The Adventure - Part Two

After a short scuffle over whether they should take the High Street or follow Chestnut Lane to the bypass, Claude and Clarice set out to see the famous Gutenberg Bible. The rain had stopped and the sun sank low in the west, painting the village as red as a poppy field.
Clarice felt content. She loved Laurel Grove and could not imagine living anywhere. She smiled to herself, thinking about their errand, and she sank into the soft leather of Claude’s two-seater Vauxhall. “Something to see, isn’t it?”
            “What’s that?” Claude had to shout to be heard over the noise of the engine and the wind that snapped his scarf and whipped the earflaps of his driving cap. He peered at her through the fog of his goggles.
            “I said it’s something to see … ISN’T IT?
            “No need to shout, Clarice. I’m not deaf!”
            “No,” she muttered. “You’re not deaf, for all that you pretend to be when it suits you.”
            Behind the wheel, Claude was content, too, and he let Clarice’s dig go unchallenged.
♦♦♦
 
            The mood soured when they pulled into view of the Laurel Grove Historical Society. The car park was a sea of Daimlers, Packards and Morris Cowleys. A queue of visitors snaked all the way from the entrance hall of the museum to the grassy verge beyond the gates.

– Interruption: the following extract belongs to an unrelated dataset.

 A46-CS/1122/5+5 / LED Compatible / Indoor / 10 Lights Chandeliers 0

            “We weren’t the only ones with this idea, it seems,” said Claude, who hated crowds. Especially crowds of culturally-minded folk lunatic enough to wait hours in a boring queue to get into an even more boring museum.
            “I’ve an idea,” he said. “I’ll drive you up to the entrance, and then come back around and wait with the car. There’ll be no place to park up there.”

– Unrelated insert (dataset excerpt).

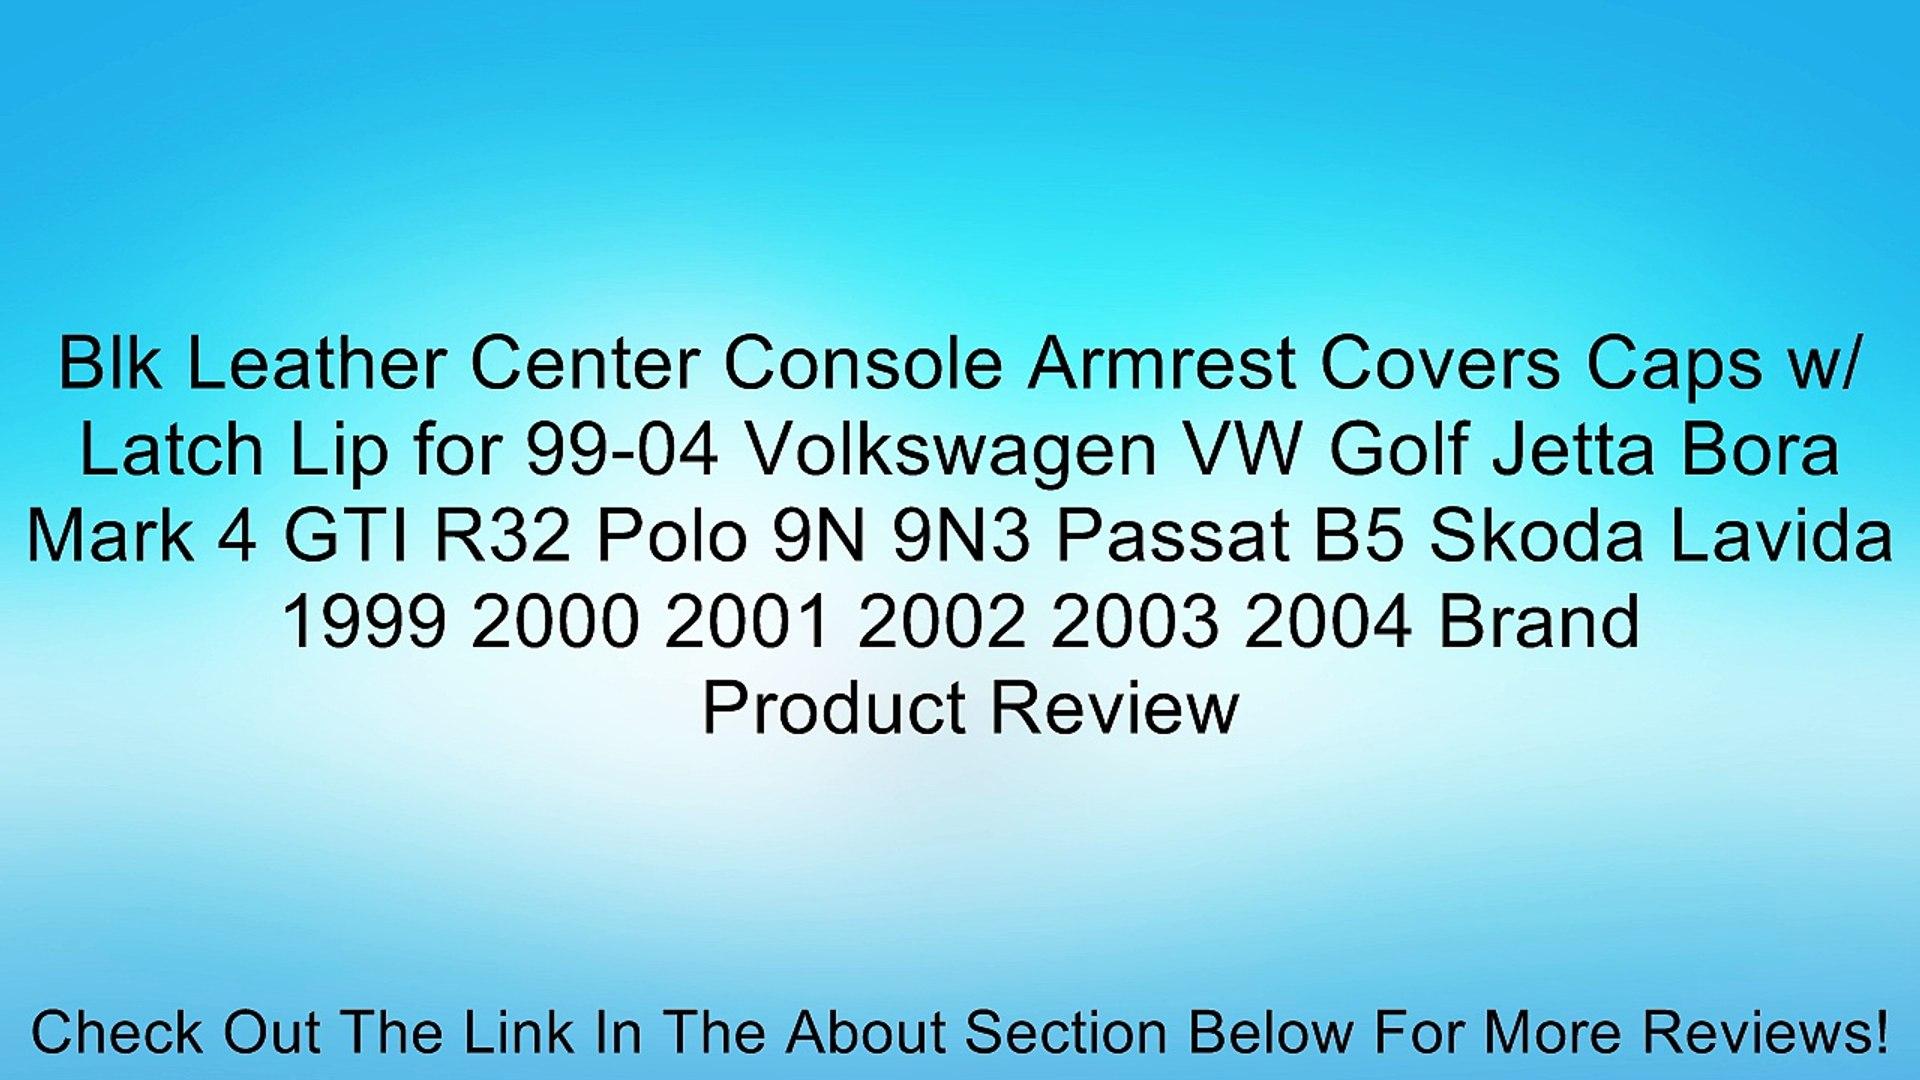 Blk Leather Center Console Armrest Covers Caps w/ Latch Lip for 99-04  Volkswagen VW Golf Jetta Bora Mark 4 GTI R32 Polo 9N 9N3 Passat B5 Skoda  Lavida 1999 2000 2001 2002 2003 2004 Brand Review

            “You’ll do no such thing. We’ve not come all this way for you to snore away the rest of the afternoon and leave me on my own.”
            “D--- it, Clarice!”
            “Come now, Claude. You might even learn something.”
            “That’s what I’m afraid of.”
♦♦♦
 
            Claude and Clarice joined the queue and thanked heaven the rains had stopped. They seemed to advance no more than a few feet an hour. Claude’s tummy growled, and he wished that he had a sandwich. Clarice had begun an animated conversation with the couple standing in front of them. About what, Claude did not care to guess. He was bored, just as he knew he would be.
            Then at last, it was their turn to enter.
            “Tickets, please! Tickets!” barked a uniformed man with an appalling overbite.
            “Tickets? Clarice, you did not mention tickets.”
            Clarice shushed Claude, and began to work on the clerk. “Young man—”
            “No tickets, no entry. That’s the rules, ma’am. Now if you haven’t got a ticket, kindly step aside.”
            “Deliverance!,” thought Claude, keeping the comment to himself and leading Clarice away by the elbow.